Yes, that's correct. PHP_CodeSniffer has been around for quite a while, so it's seen a lot of different PHP versions and has tried to maintain backwards compatibility as much as possible through these sort of backfills. It's a QA tool, so it's important it meets developers at the PHP version they are at, not just where they would like to be.

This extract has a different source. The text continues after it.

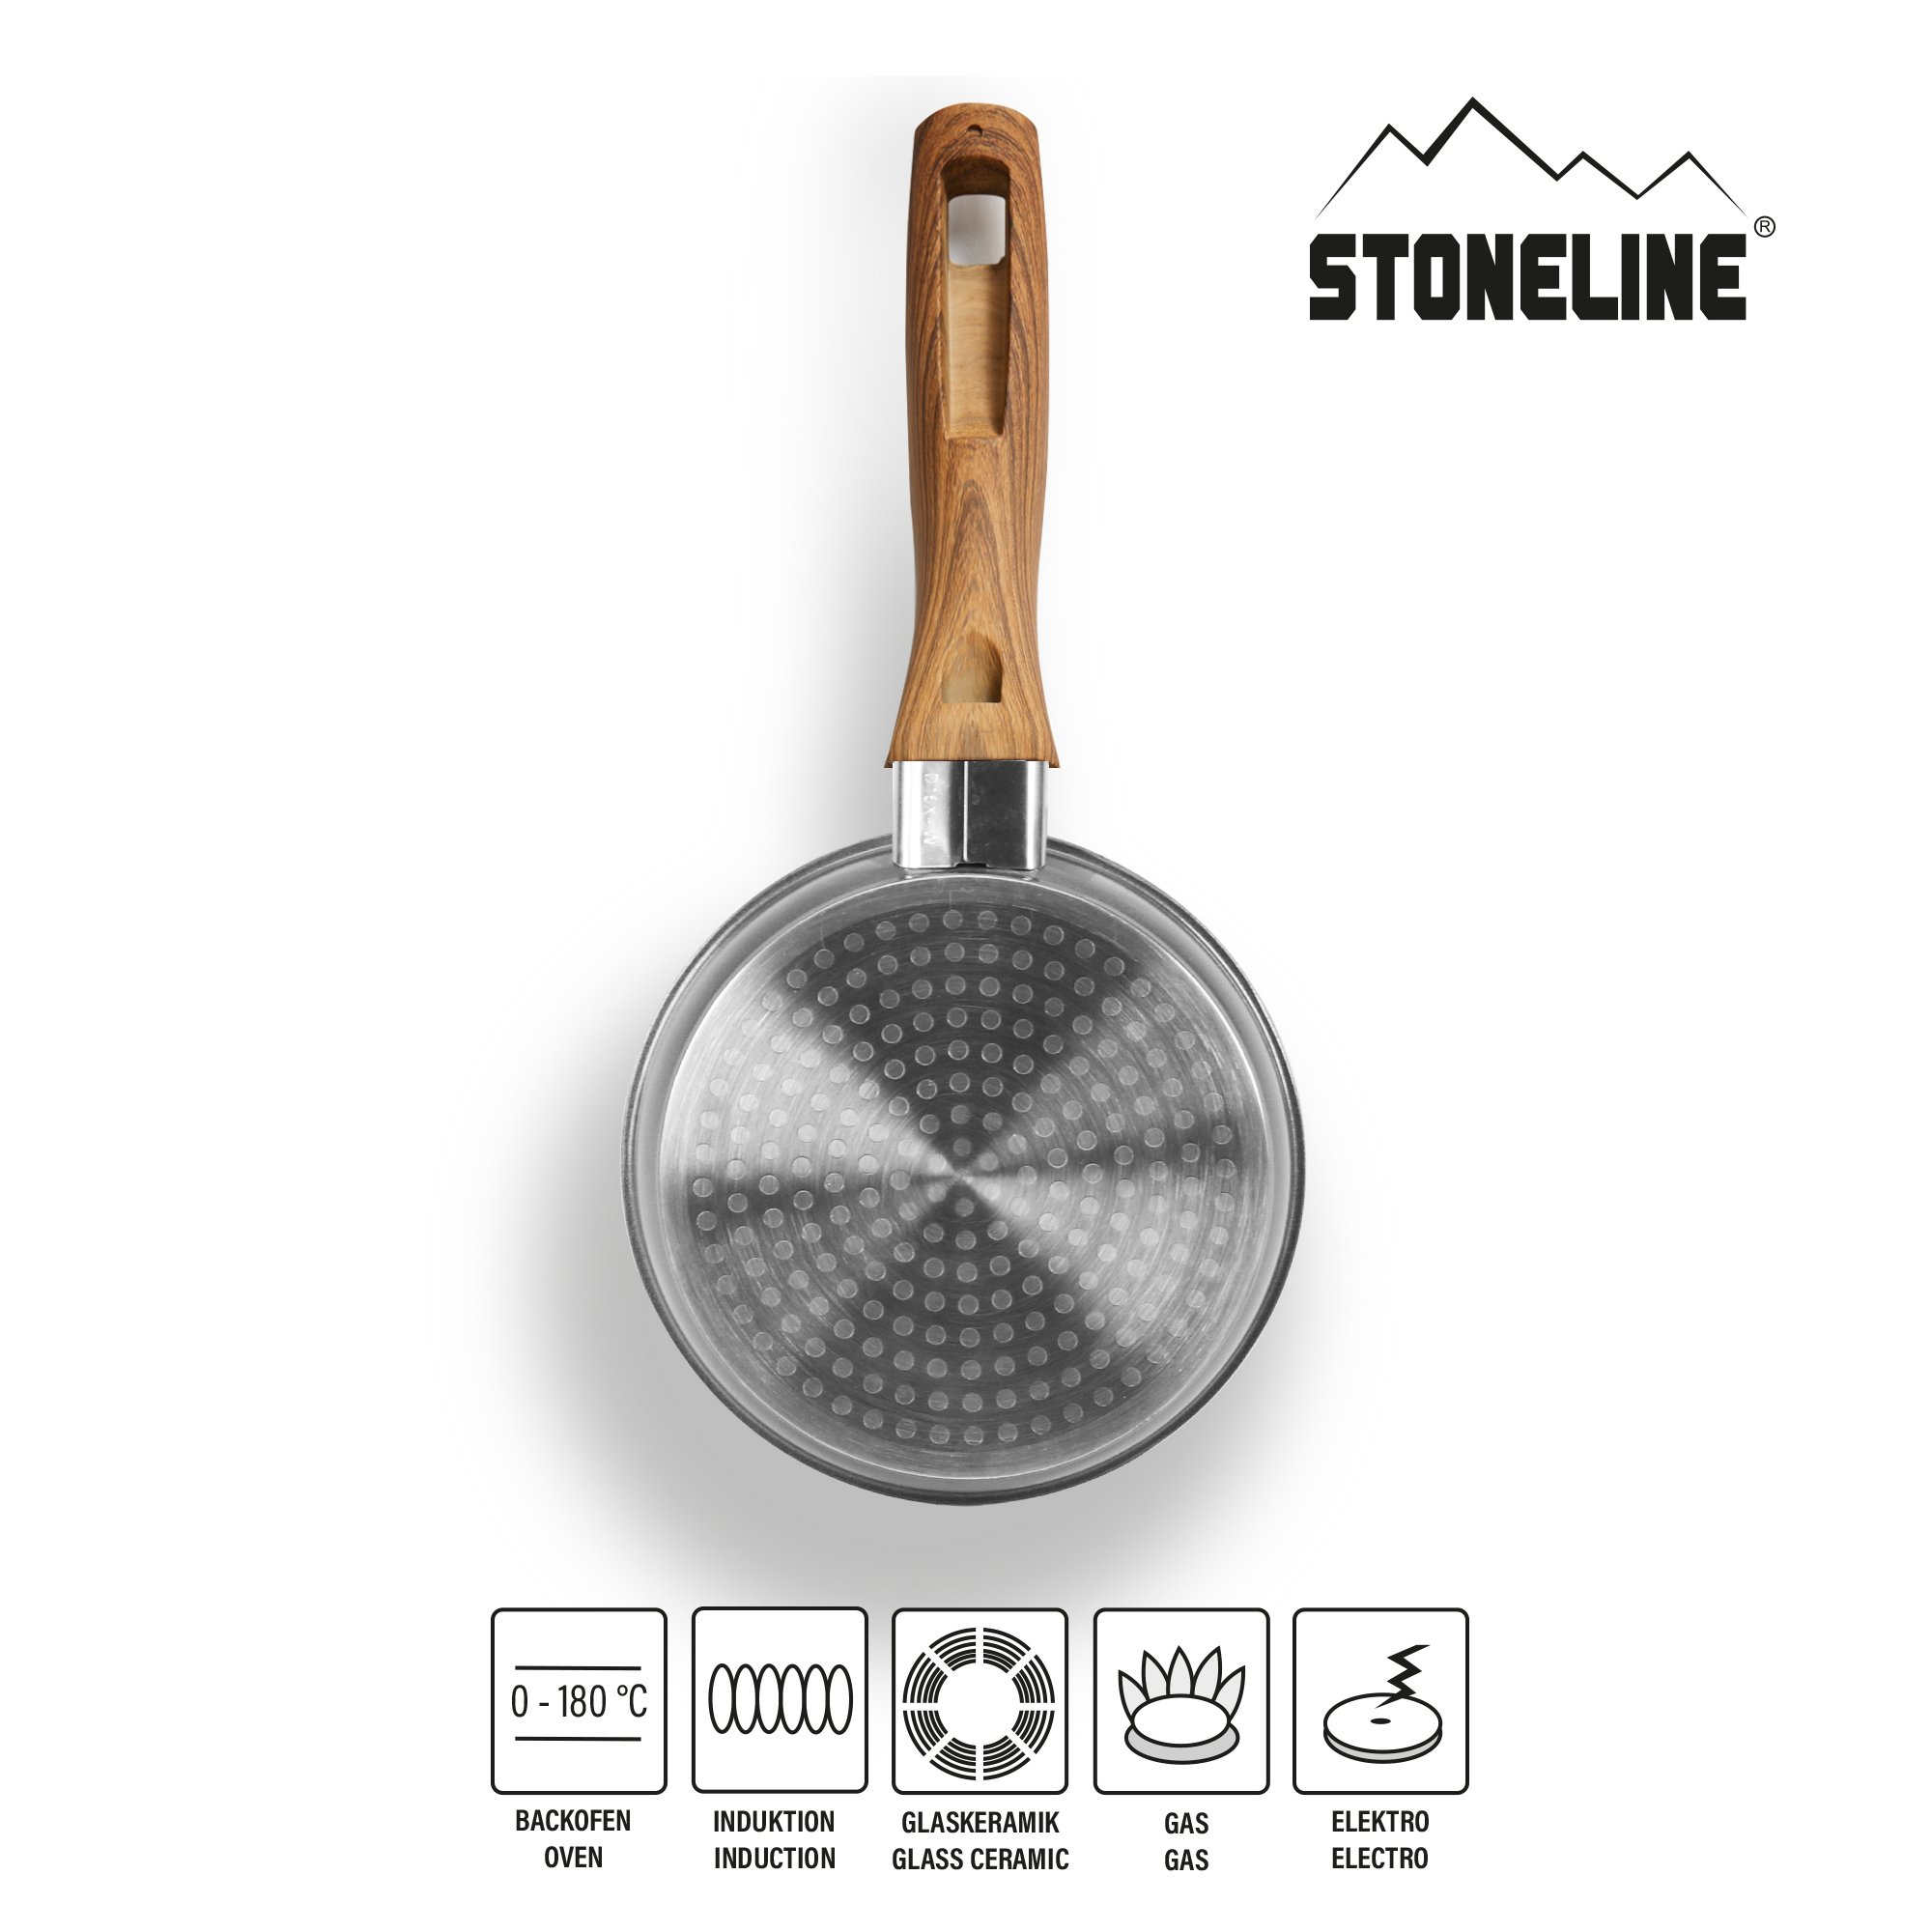 STONELINE® Back to Nature padella 14 cm, padella per omelette antiaderente, adatta all'induzione

I don't have any plans to implement the TOKEN_PARSE flag as my top priority is to ensure the token stack remains the same throughout PHP_CodeSniffer versions to enable custom sniffs to be migrated with as little work as possible.

I'm going to close this issue so it is clear no work is planned here, but thanks for raising it as it turned into a very worthwhile discussion. Feel free to continue, as I can always reopen if there is a benefit to changing the behaviour of the tokenizer that I'm not seeing yet.